To deal with tickets, there are multiple options.

Option 1: Buffer (15-20%) in your sprint

Assign less to the sprint in the planning. That buffer might be of different sizes in different sprints based on the need of the business, product, or team.

Option 2: Plan the sprint for 100%

The better solution is to plan the sprint for 100% of capacity.  Once the support ticket arrives, the Product Owner must decide if it should be included in the sprint (therefore breaking the commitment). I try to not break the commitment as much as possible. Therefore I want to find the root causes more thoroughly.

Urgent doesn’t mean it is also important.

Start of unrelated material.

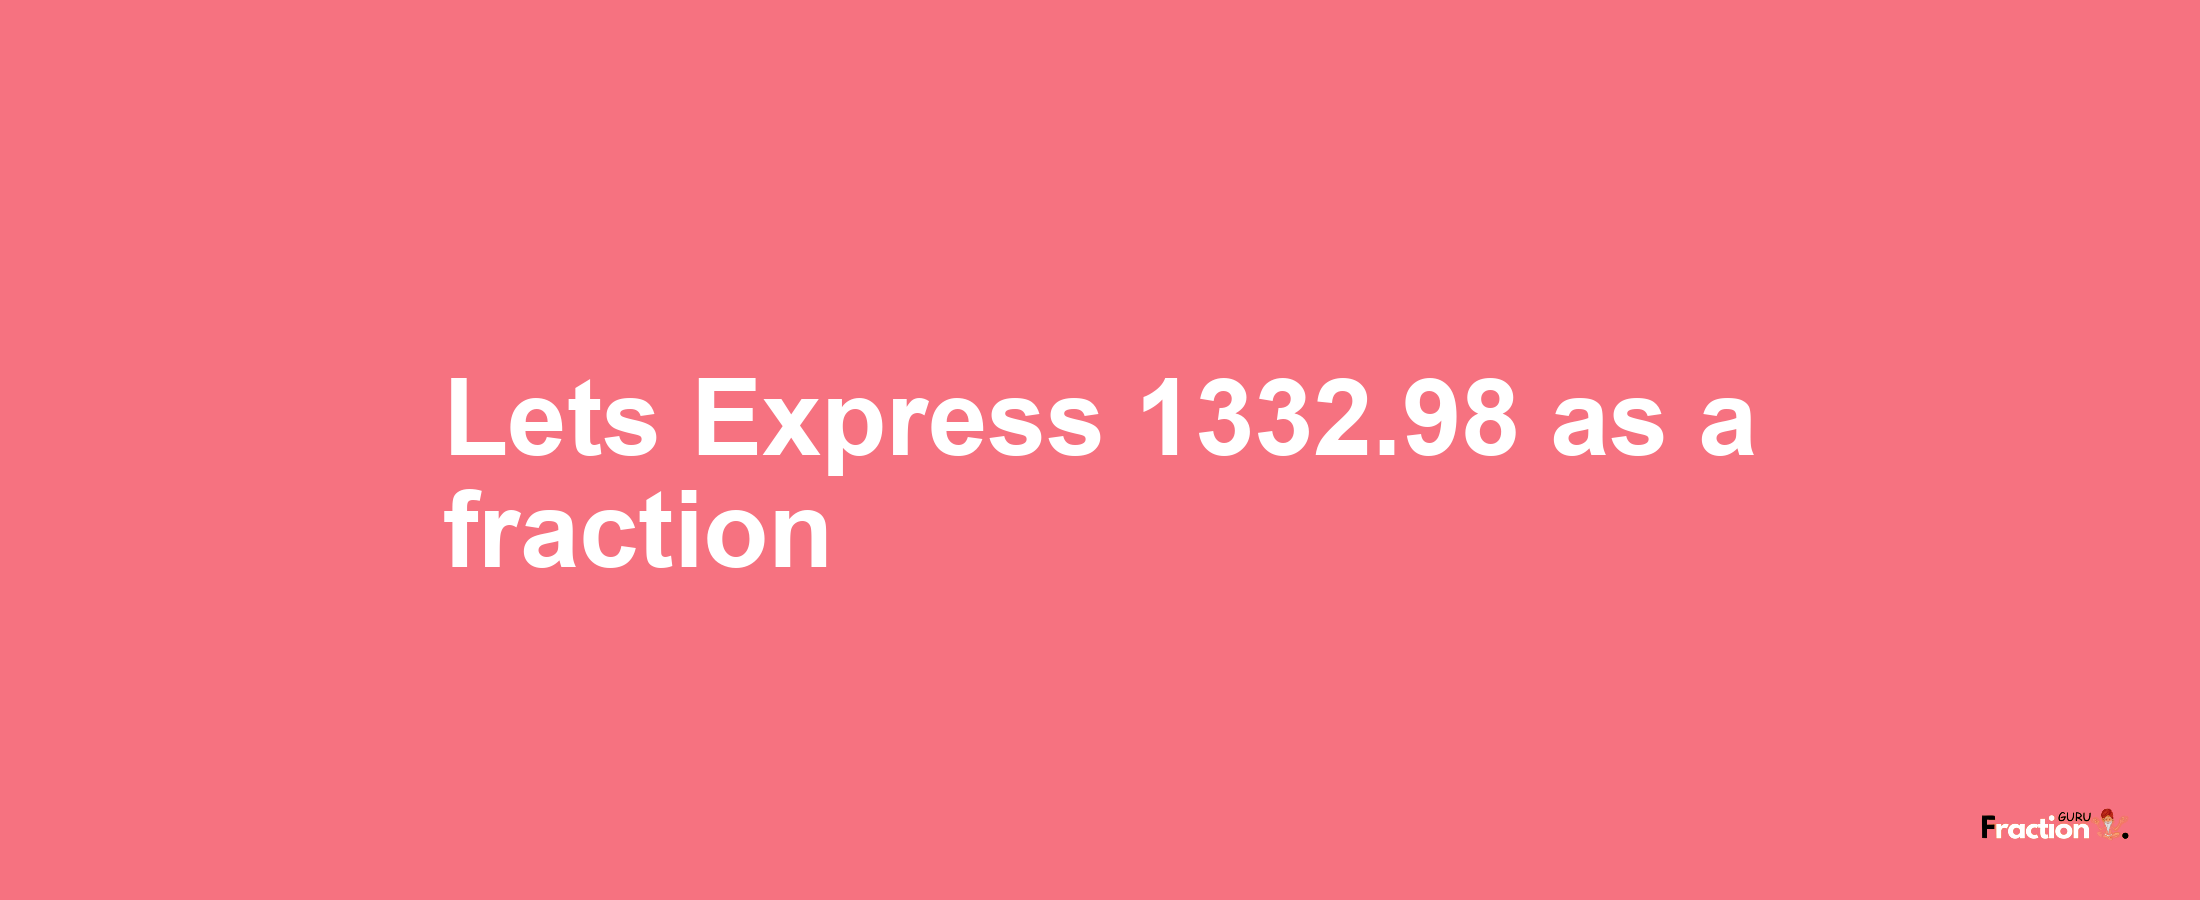 Lets Express 1332.98 as afraction
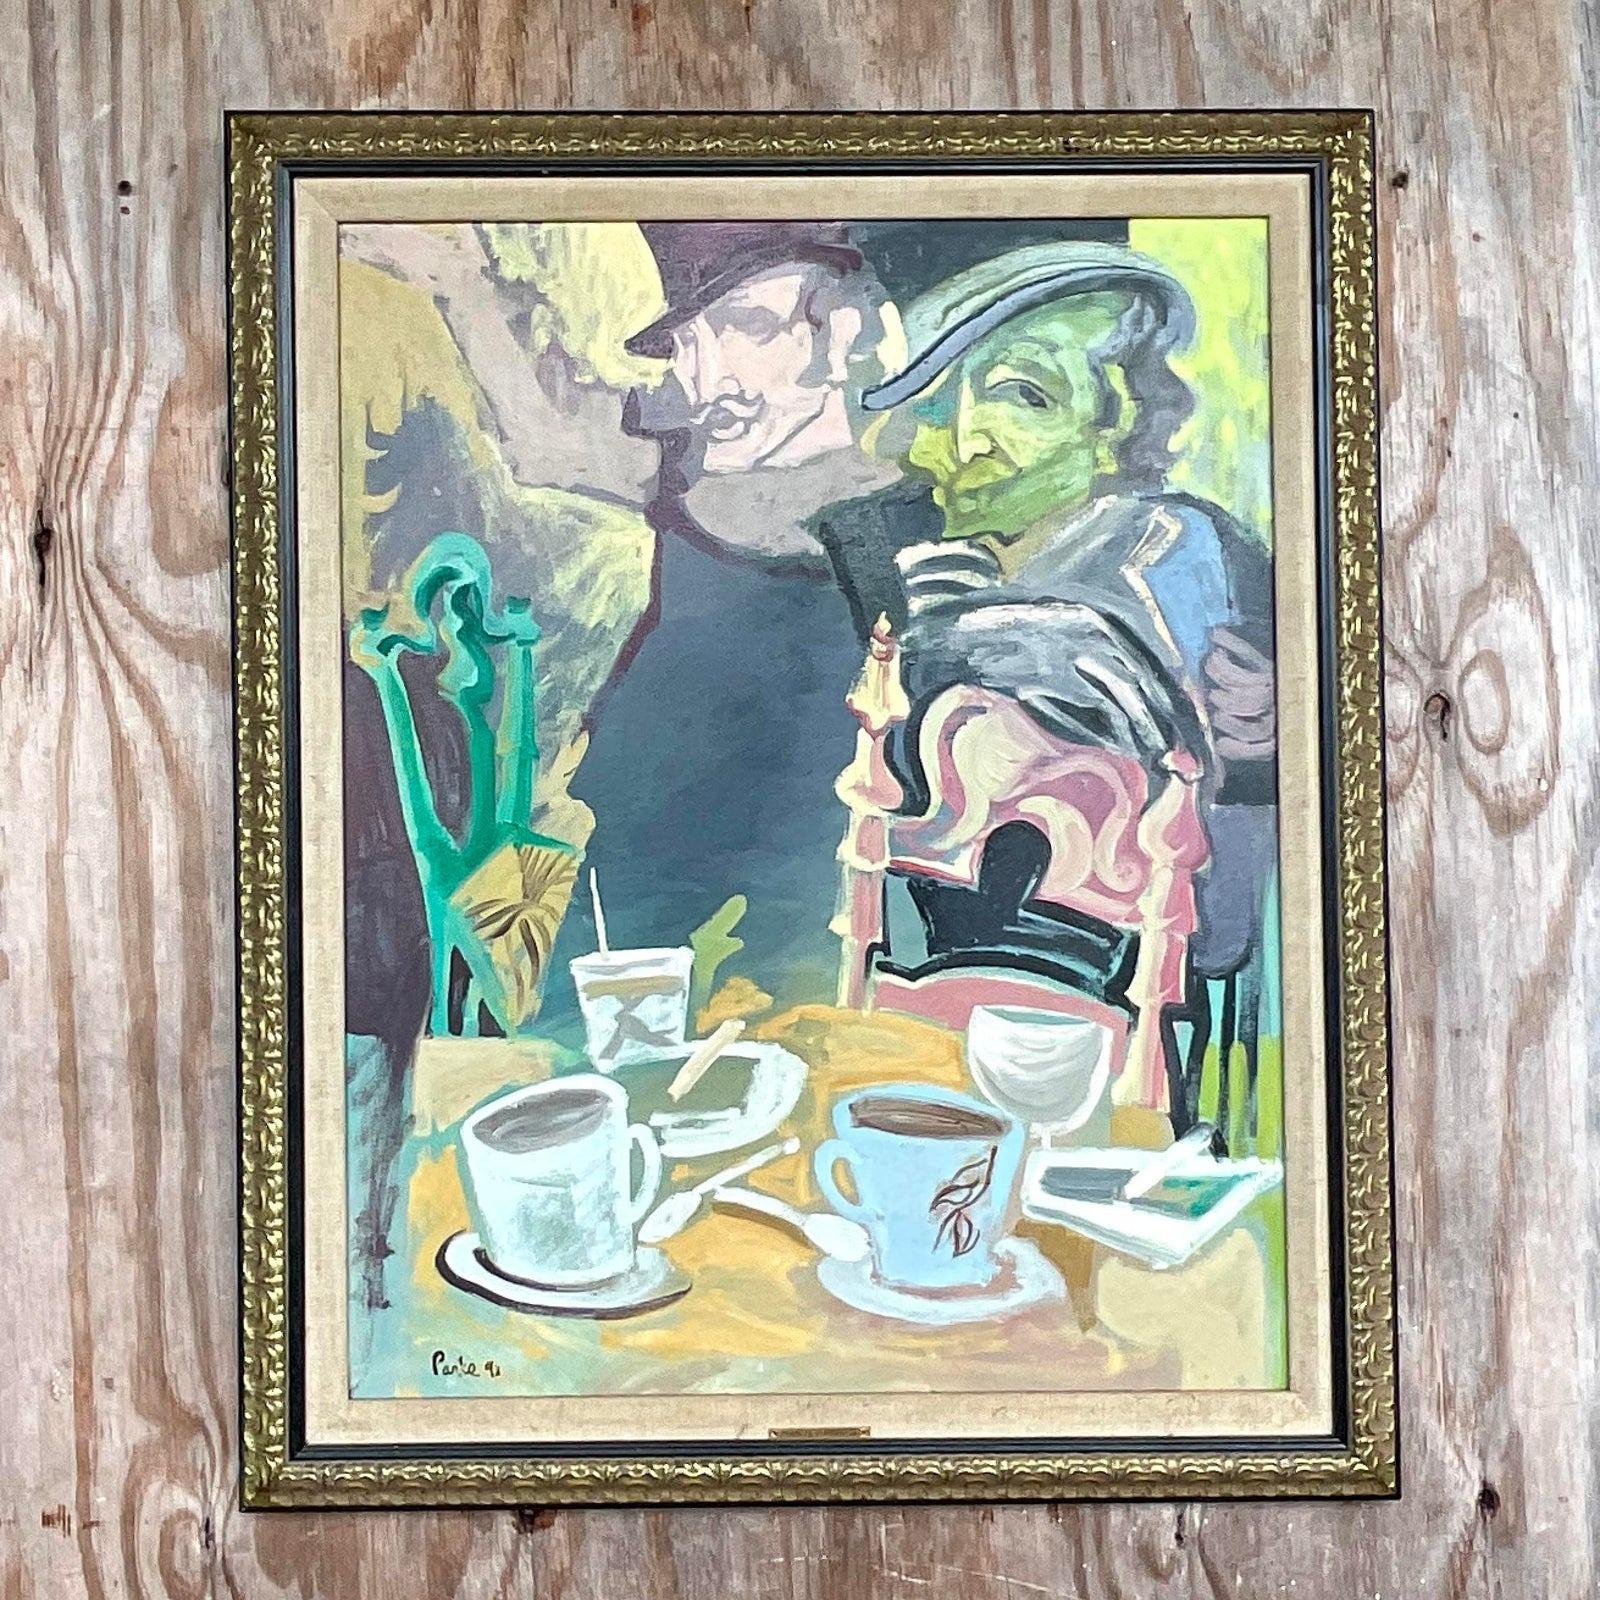 A sensational vintage Boho original oil painting. A brilliant compassions of an interior Figural in bright clear colors. Signed by the artist Parks. Acquired from a Palm Beach estate.

A lot of tickets can wait. It is easy just to speak to the ticket reporter first and you will find that it is not so urgent. This means you can plan the fix of such a ticket in the later sprint. Of course, such a decision might be impacted by your Service Layer Agreemen. Which, in most of the cases we observed, were not defined well enough, or too wide. They included only response time without a proper process of investigation and triage.

Don’t forget to evaluate how many support tickets were planned, fixed in the sprint. Which of them arrived after the sprint has been started? Ask the team why they happen, how can we overcome such tickets in the future. What needs to be planned to fix their root cause. Can be the solution described in your FAQ? Maybe that is enough…

Option 3: Firefighters

if you are fighting with tickets, establish separate firefighters group which will deal just with tickets. Let the rest of the team focus on new functionalities. Don’t forget to rotate people in the firefighter’s team to overcome ‘extinction’. Try to dismiss the firefighter team as soon as possible by solving root causes (let the 2nd part of the team focus on this).

Option 4: Hold a line!

Let one team member holds a 3rd level line to triage problems, sort them, and advise the Product Owner to include them in the sprint. Rotate 3rd line support in the team. That also helps build sustainability a lot.